Comparative genome analysis reveals significant local conservation of gene order between C. acetobutylicum and B. subtilis , suggesting that core functions of FtsK may be conserved while species-specific adaptations exist to accommodate differences in lifestyle and genome organization.

How can phylogenetic analysis inform experimental approaches to studying C. acetobutylicum FtsK?

Phylogenetic analysis provides valuable insights that can guide experimental approaches:

• Identifying conserved domains: Phylogenetic analysis can reveal highly conserved domains across Clostridial FtsK proteins, which likely represent functionally critical regions. These domains should be prioritized for structure-function studies and mutagenesis.

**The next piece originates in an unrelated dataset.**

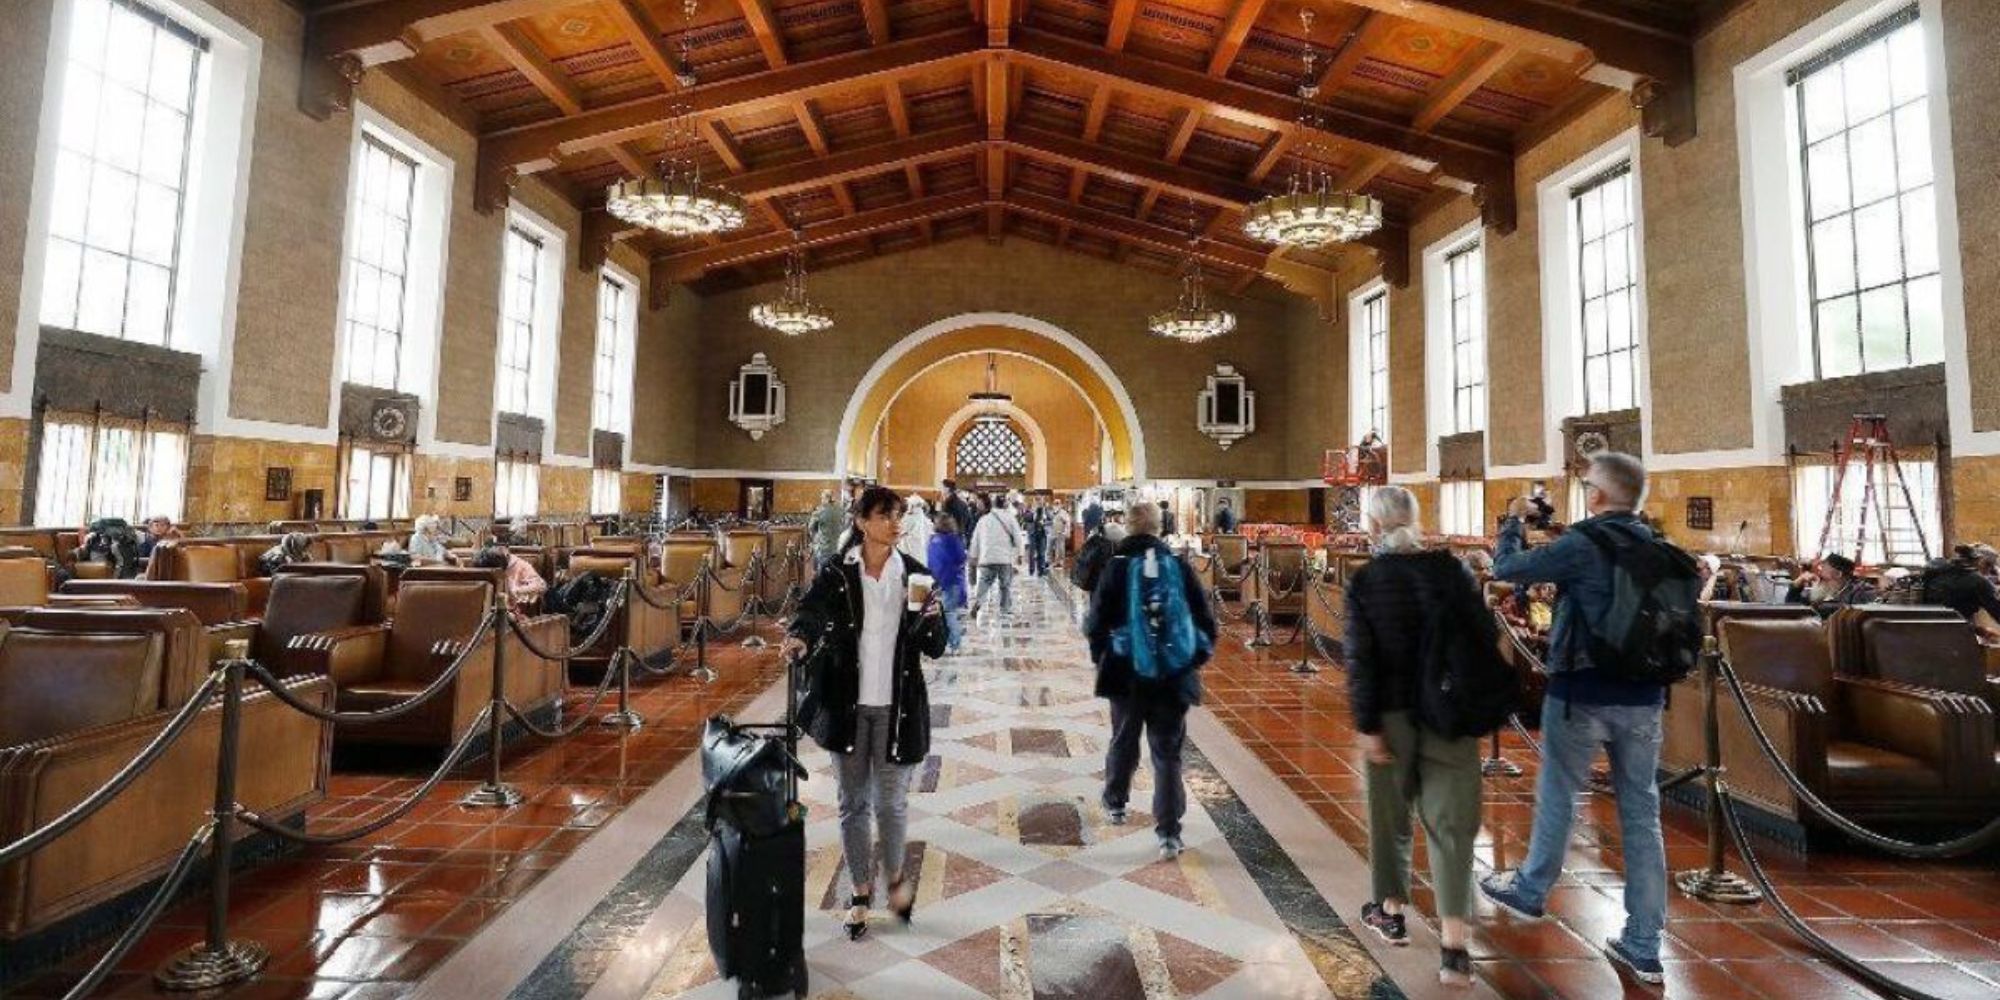 Union Station in Los Angeles

• Selecting heterologous expression systems: Understanding the evolutionary relationships between Clostridial species can help select the most appropriate heterologous expression systems for recombinant FtsK production.

• Guiding mutagenesis strategies: Comparison of FtsK sequences across species can identify:

  • Residues under positive selection (potentially species-specific functions)

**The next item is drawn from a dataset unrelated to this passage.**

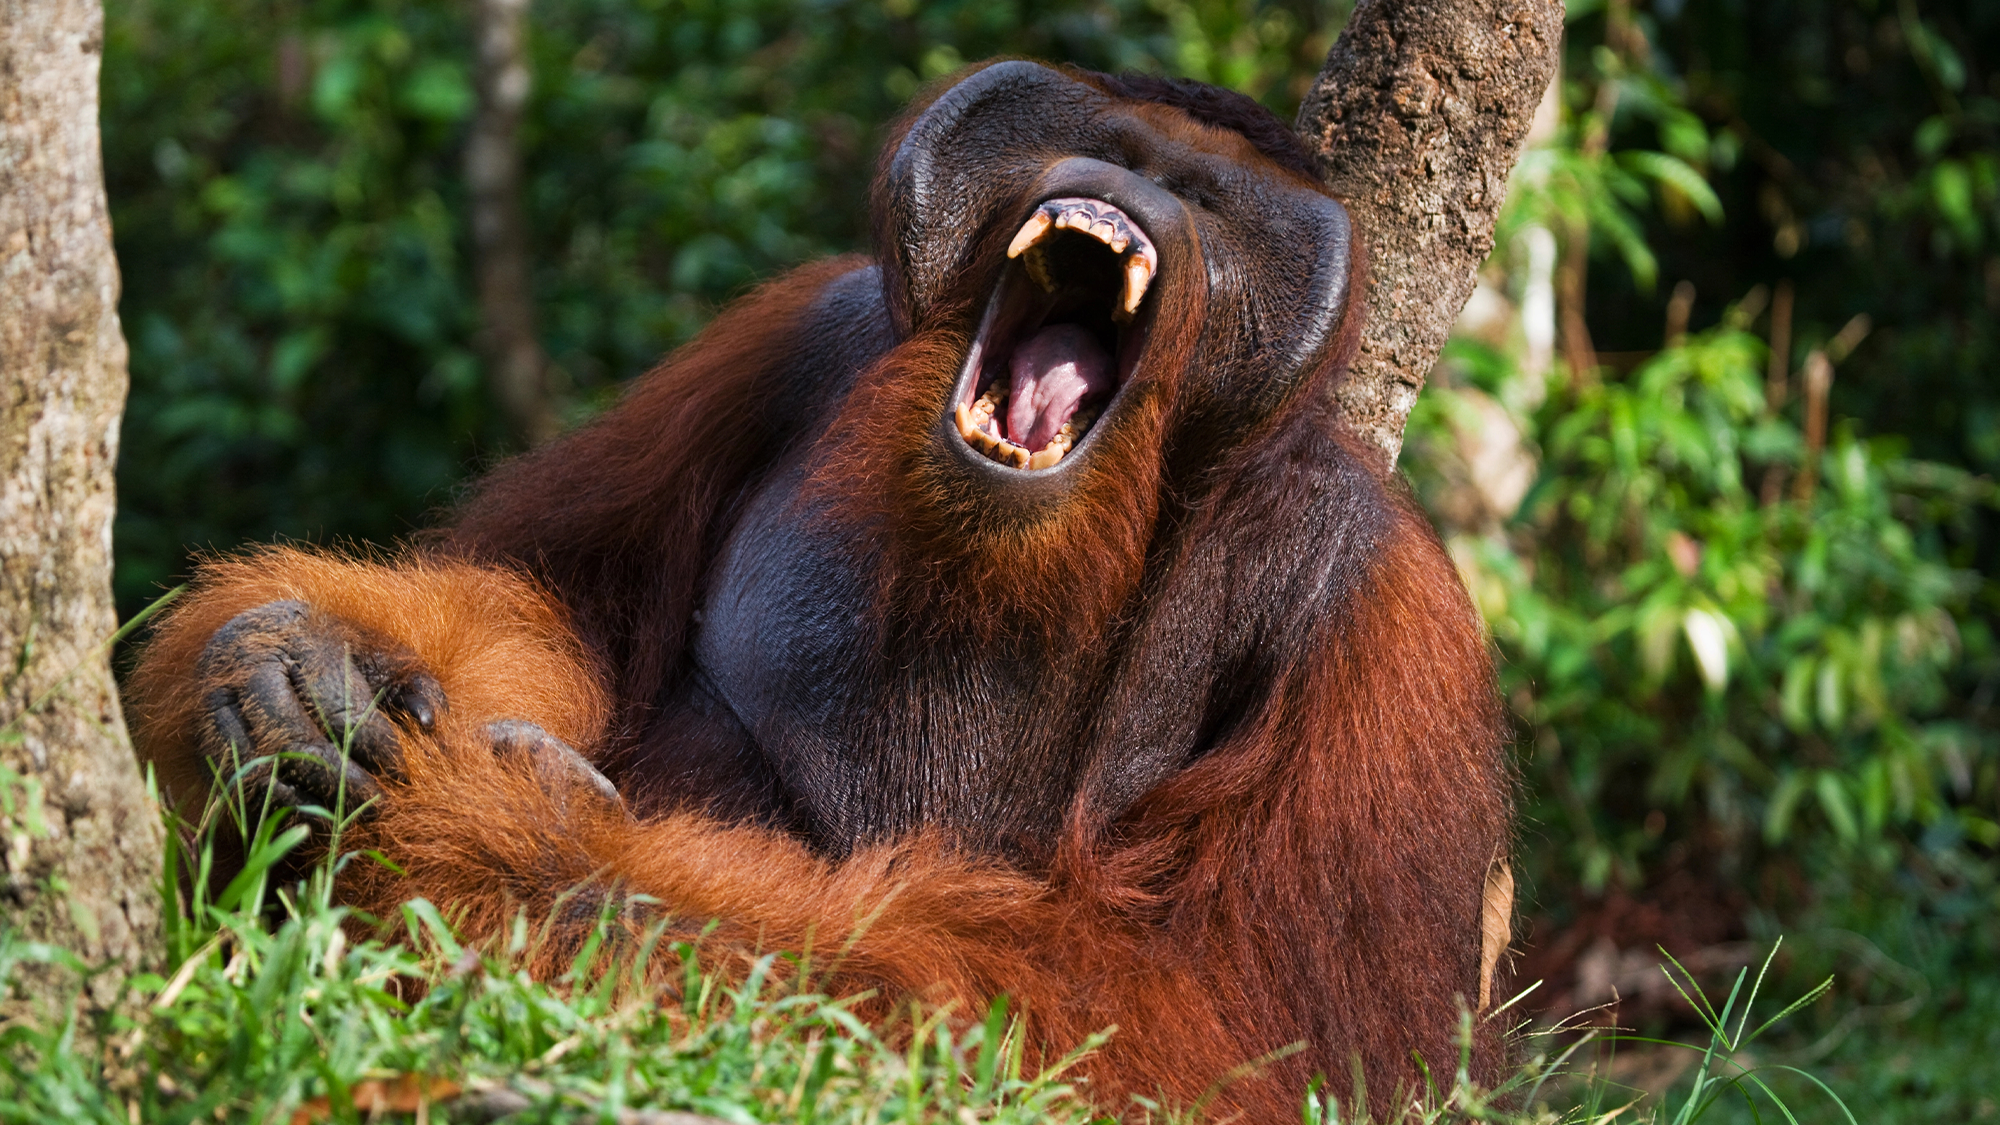 The orangutan's distinctive cries have been decoded with the help of artificial intelligence

  • Ultra-conserved residues (likely essential for core functions)

  • Variable regions (potentially dispensable or species-specific adaptations)

• Predicting regulatory mechanisms: Phylogenetic patterns in phosphorylation sites can predict regulatory mechanisms. For instance, if T318 is conserved across multiple Clostridial species, its phosphorylation likely represents a conserved regulatory mechanism .

• Identifying horizontal gene transfer: Phylogenetic analysis can detect horizontal gene transfer events. C. acetobutylicum contains operons shared with distantly related bacteria and archaea but not with B. subtilis, suggesting horizontal transfer . Such analysis can reveal unique evolutionary adaptations in FtsK.

Genome comparisons between C. acetobutylicum and B. subtilis show significant conservation of gene order , providing a foundation for comparative studies of FtsK function.

Can FtsK functional insights from model organisms be effectively translated to C. acetobutylicum systems?

Translating FtsK functional insights from model organisms to C. acetobutylicum requires careful consideration of both conserved and divergent features:

Aspects likely translatable from model organisms:

• Core motor function: The ATP-dependent DNA translocation mechanism is likely conserved across bacterial FtsK proteins

• General regulatory principles: The coordination between cell division and chromosome segregation represents a universal challenge for bacteria

• Experimental methodologies: Techniques developed for studying FtsK in model organisms (e.g., B. subtilis, E. coli) can often be adapted for C. acetobutylicum

Aspects requiring C. acetobutylicum-specific investigation:

• DNA sequence recognition: The specific DNA sequences recognized by the γ-subdomain of FtsK are likely species-specific

• Protein-protein interactions: The specific divisome components and chromosome segregation proteins that interact with FtsK may differ

• Regulatory mechanisms: While phosphorylation by PrkC appears to be a conserved regulatory mechanism in Clostridial species , the details of regulation may differ

The comparative analysis between C. acetobutylicum and B. subtilis genomes reveals both significant conservation of gene order and pronounced differences in many systems . This suggests that while core functions of FtsK are likely conserved, its integration into species-specific cellular processes requires dedicated study in C. acetobutylicum.

The successful application of genetic manipulation techniques developed for other Clostridial species to C. acetobutylicum supports the feasibility of translating experimental approaches across species.